Ching-Hua Fiona Wang
PhD Candidate
Department of Electrical Engineering
Stanford University
Fiona Ching-Hua Wang received her Master's degree in Electronic Engineering from the National Tsing-Hua University in 2009. She then participated in the 20 nm CMOS frontend R&D group at TSMC for two years. She is now studying for her PhD in the Electrical Engineering Department at Stanford University under the direction of Professor Philip H-S Wong. She has worked on Nonvolatile Memory (NVM) in the Ya-Chin King and Chrong-Jung Lin research group before 2014 and published at IEDM (2010 and 2013) and won the Taiwanese Government Scholarship for PhD program. Her PhD research has focused on the development of 2D material applications for transistors and memory. She won best in session on SRC Techcon 2017 with her work on Scandium contacts to black phosphorus.
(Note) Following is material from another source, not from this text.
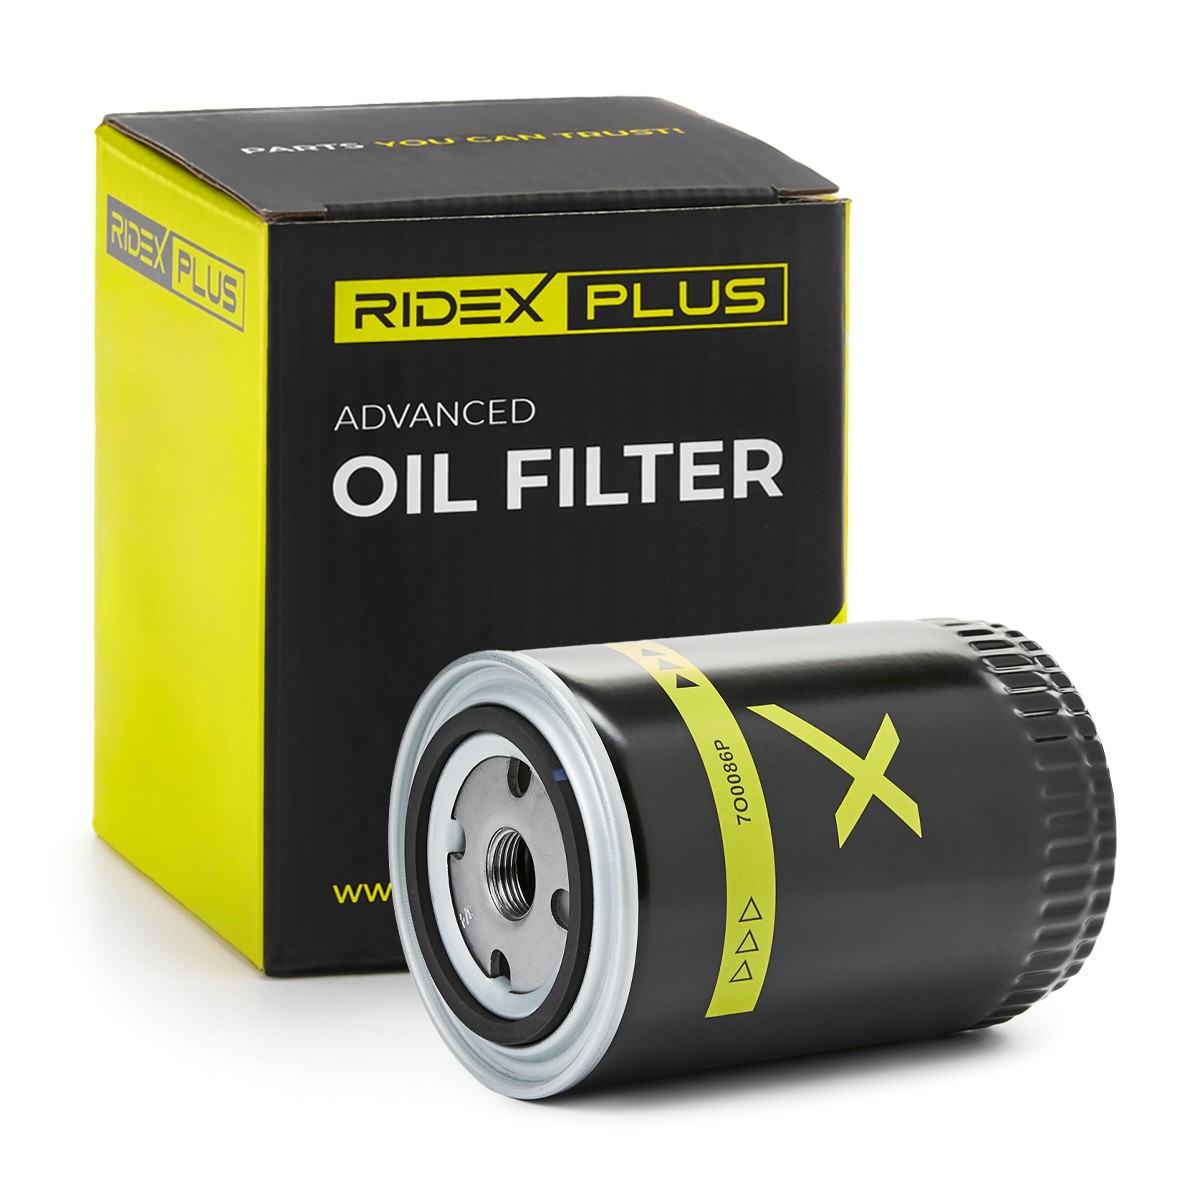 RIDEX PLUS 7O0086P Oil filter 2555 929

She is currently working on hetero-structure 2D materials for memory application, including 2D transistor switching 2D RRAM in 1T1R structure and a 2D material based selector.
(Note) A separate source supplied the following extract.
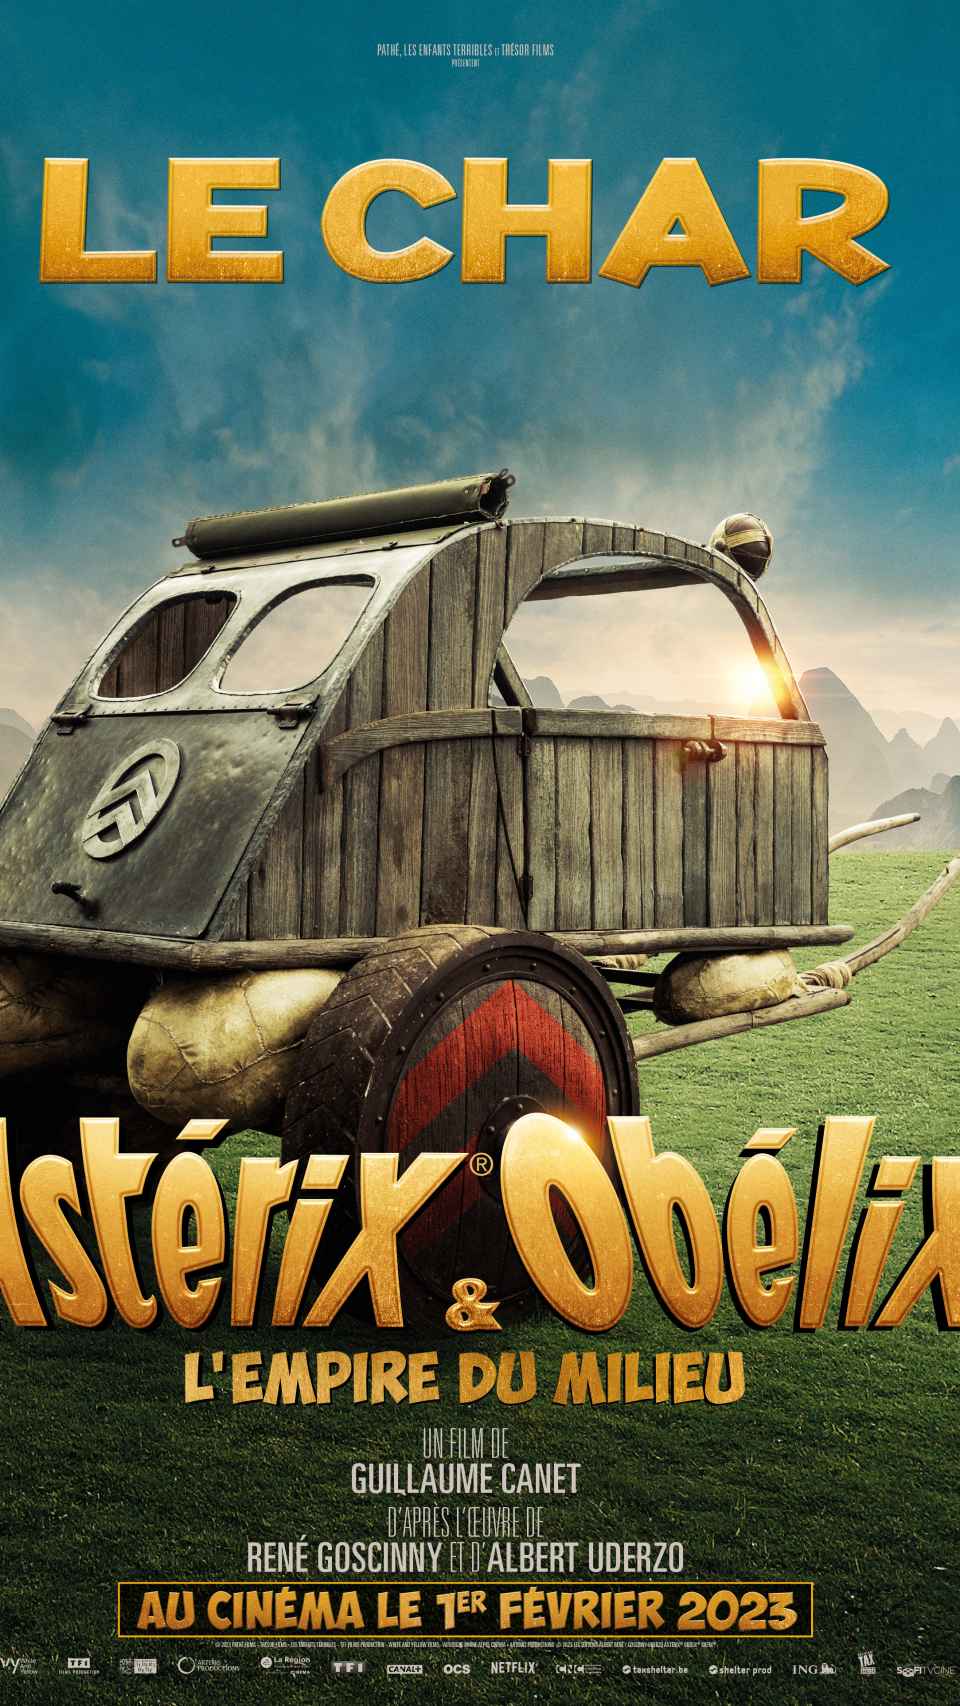 Cartel de la película de Astérix y Obélix.

2D Materials for CMOS and Memory Integration
Modern CPU performance is reaching a plateau due to the scaling limitations of transistor technology. Additionally, the data transmission time between CPU and memory (i.e. memory wall) has become a significant limitation as data usage has expanded exponentially, requiring future computer technology to directly integrate memory and transistor devices. Layered two-dimensional (2D) materials have attracted attention due to their intrinsically thin body that is preferable for transistor scaling. Also, the weak inter-layer boding allows for low-temperature transfer processing which is suitable for 3D CPU integration. In my thesis, I first studied the high-mobility 2D material black phosphorous (BP) transistors with different metals contacts. My work achieved unipolar n-type BP transistors with ultra-low work function metals, demonstrating record high n-type current. Furthermore, the study revealed the physical mechanisms of controlling doping and de-pinning effects for n- and p- type BP transistors. I have also implemented a 3D monolithic two-level 1 transistors/1 resistor structures for memory arrays with a complete 2D material system, using hexagonal-Boron Nitride (hBN) as a memory cell and monolayer Molybdenum Disulfide (MoS2) as the transistor selector. In order to further increase memory array density, I am currently developing a two-terminal selector utilizing a 2D material heterostructure with a H-shape band diagram. This design can lower the off-state current while maintaining a high on-state tunneling current density by virtue of atomic thinness of 2D material. Due to the transferable feature of 2D material, the process can be easily integrated for monolithic 3D CPUs, overcoming the “memory wall”.